The statement by Gujarat’s Director General of Police (Acting), Mr. Chittaranjan Singh, immediately after the conviction in the Ode riot case, ‘that the conviction is a lesson for the critics of the state police as well as the state’s judiciary’, is disgusting, to say the least. A statement will not absolve the police and the state’s administration of their responsibility from preventing the riot, and further contributing to it. The 2002 riot will remain a deep scar on the psyche of the nation; just as other orchestrated communal violence that Indian’s are forced to live with. (Picture: Mr. Narendra Modi, Chief Minister of Gujarat during and after the riots)
Chittaranjan certainly will not require someone to remind him that one of the alleged triggers for the Ode riot that burned 24 people alive in two separate incidents is the death of minor Nishith in the police firing on 1 March 2002. In fact Chittaranjan’s statement is part of an elaborate and pretentious state act of whitewashing the past, which ironically right now reads with his designation, Acting DGP!
Referring those who criticised the judiciary, the state police and the administration for their despicable role in the state-sponsored riot and handling the post riot scenario, as ‘impediments in the process of justice’, is an insult to the victims. The statement intentionally portrays those who critique the state and its functionaries, as always wrong. It also reads in an additional misinformation, targeted at the civil society organisations, with an intention to differentiate human rights organisations from the victims of human rights violations. In fact Chittaranjan is just an addition to a growing number of individuals in the country who hold an antagonistic view against civil society groups, accusing them as responsible for maligning the country due to vested interests. Such gross statements ignore the fact that no more damage could be brought to the country and to its people beyond orchestrated violence. The convoluted logic is, speaking openly against injustice is more harmful than the injustice itself. The Prime Minister of India is also a member of this chauvinistic club.
In all the cases relating to Gujarat riots, the witnesses are threatened, and in some, wrong persons cited as the accused to the save the actual miscreants. Is it not enough proof to the conniving role the state police played in the entire incident? That none from the state administration, or its political elite, are charged for the crimes they have committed during the 2002 Gujarat riots is proof to the fact that the term justice is a misnomer in India.
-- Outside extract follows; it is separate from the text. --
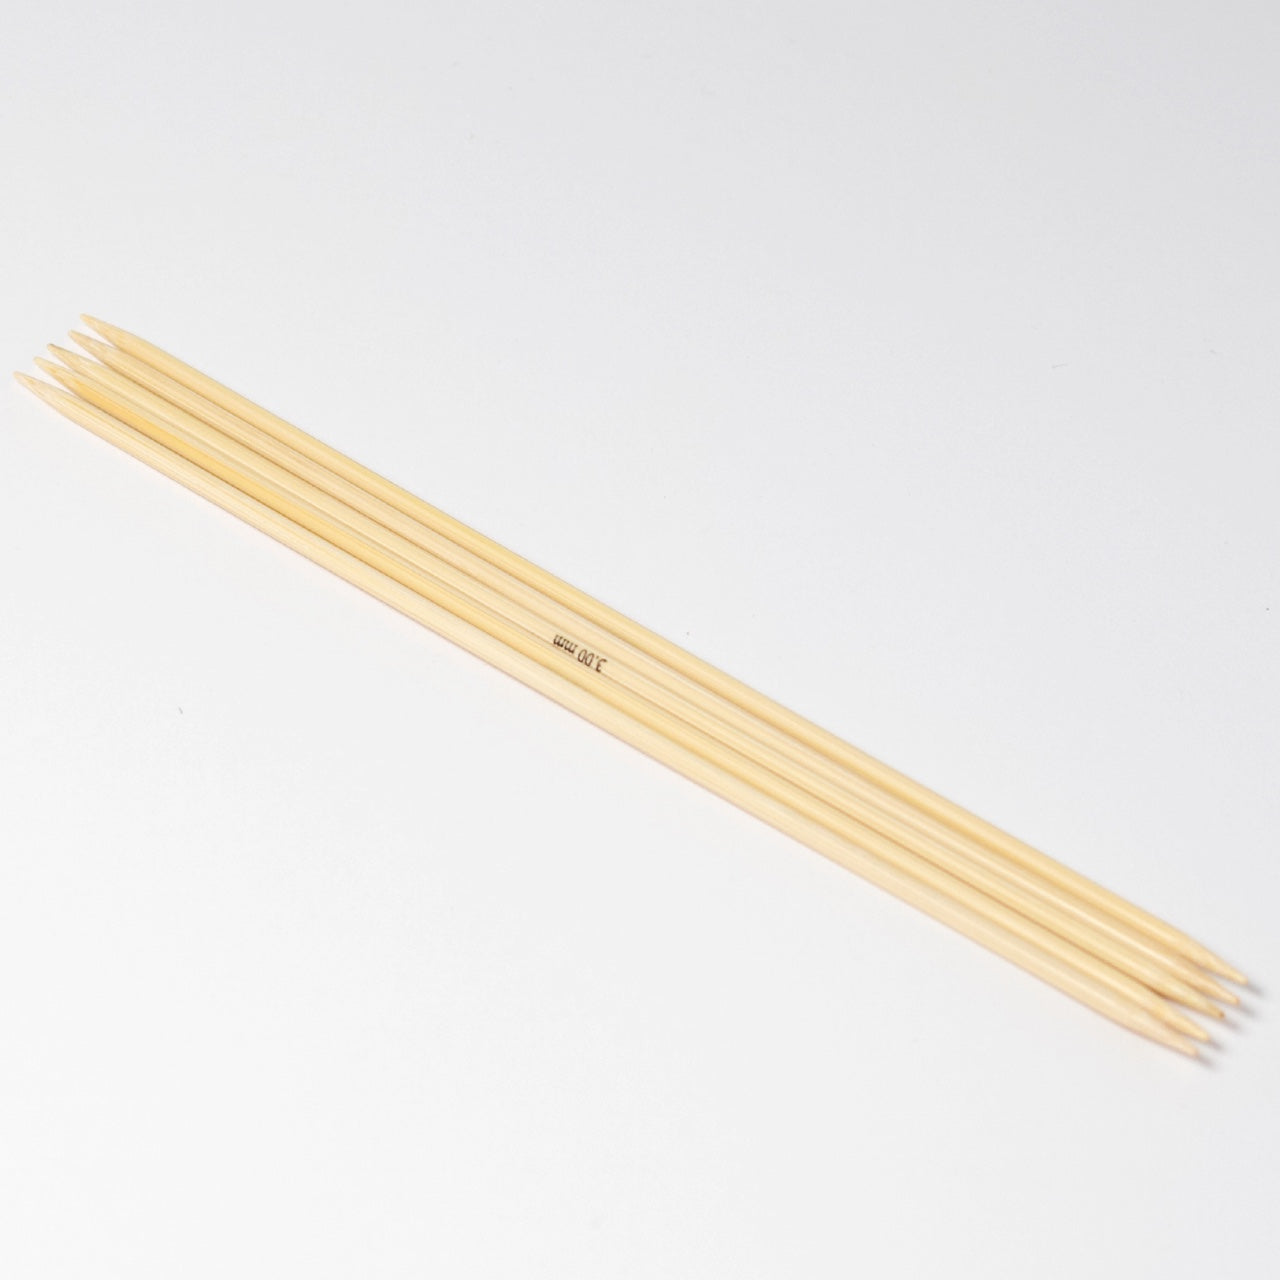 Hjertegarn // STYLE BAMBOO // Strømpepinde 20 cm i bambus str. 3 mm
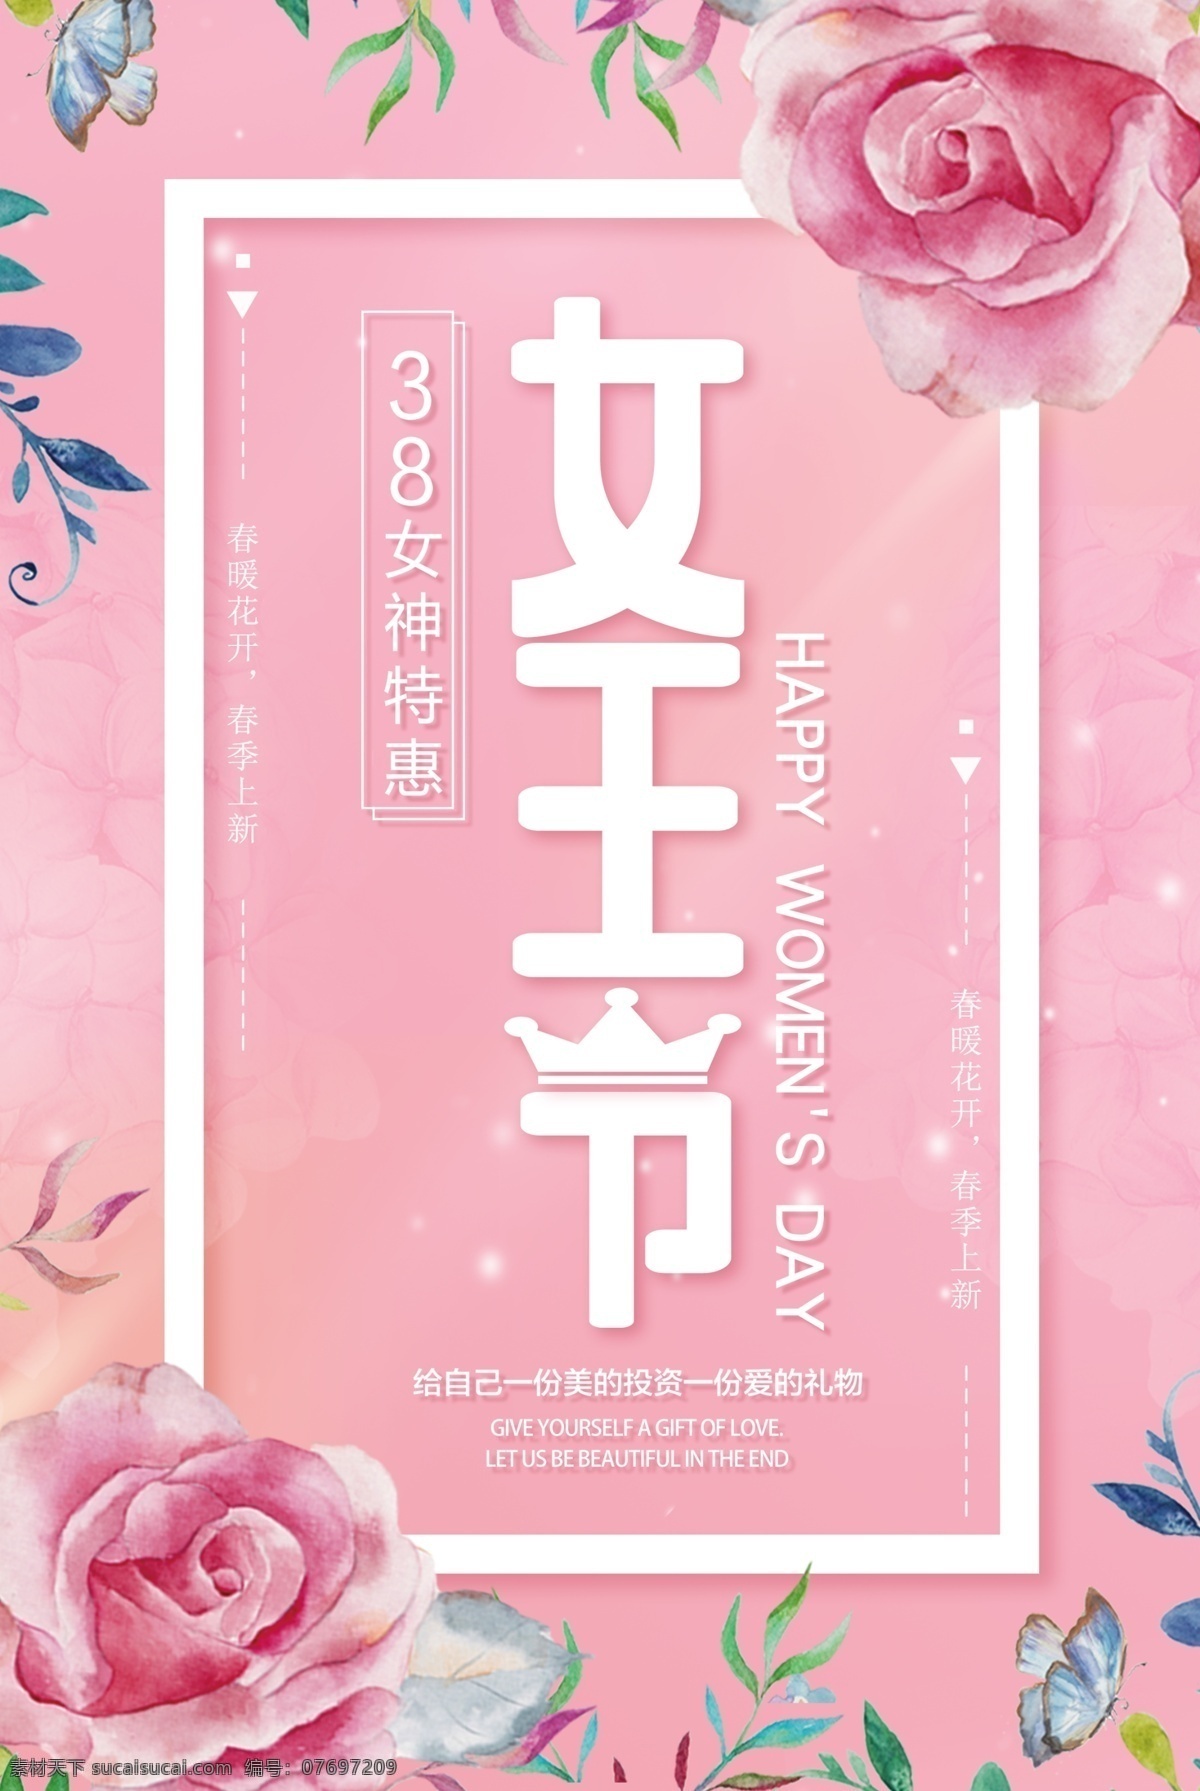 粉色 浪漫 花朵 女王 节 促销 海报 妇女节 商场海报 女王节 3.8 商场展架 浪漫花朵

But for the intervention of the civil society organisations, even this much, of investigation and holding a trial, would not have happened. At the very least, it required a special investigation team constituted at the behest of the Supreme Court, to complete the investigation, however unsatisfactory it is. The state police, that Chittaranjan heads and now pompously speaks about, had done enough damage to the investigation by then.
That Gujarat is an example where the police undertake targeted assassinations for claiming rewards or obliging their political masters does not speak well of the state police. Instead it reiterates the fact that the police in Gujarat, like in most of India are nothing but uniformed criminals paid by the exchequer. This caricature of the Indian police cannot be whitewashed with the conviction in the Ode riot case. The damage that the police have done to themselves, to their morale, which is the basis of the public perception that the country’s police are not more than uniformed street thugs is far deeper and requires more than a few belated convictions to change.
The fact that the trial took more than seven years to start and the first trial judge resigned after the trial started speaks volumes about the judiciary. The delay in the process was not because of the civil society filing applications, but due to the inability of the state police to file a proper charge sheet in court. A true investigation would and should have booked those who instigated a state-wide carnage. The state police cannot and will not venture into this task, since many of them are the top political brass of the country. What justice is then Chittaranjan claiming about?
Violence committed upon individuals leave deep wounds. When it is committed upon a community, the magnitude of it is higher and incalculable. What have the state police done to address this? Or does the establishment have even an understanding about what it means by post violence trauma? The state administration and the police deny admitting that the 2002 state-sponsored violence has not only adversely affected the Muslims who were the target, but has equally hurt the rest of the population who witnessed the violence and are today forced to live as part of the same wounded society without the possibility of healing.
Much has been exposed and written about the Gujarat riots of 2002, that once again mentioning that it is entirely a state creation, is repetition. Of the mess that Gujarat is today, officers like Chittranjan is merely parroting what the government would want a person in his position to say. Had there been a true police officer in his uniform, the sentence and conviction in the case should have gone down as an affirmation by the judiciary of what his force failed to prevent. The conviction would have been understood as the shameful failure of the state and of its various apparatus. Instead, just as it is fitting for an Indian bureaucrat, failure is considered an occasion to celebrate shameful ineptitude.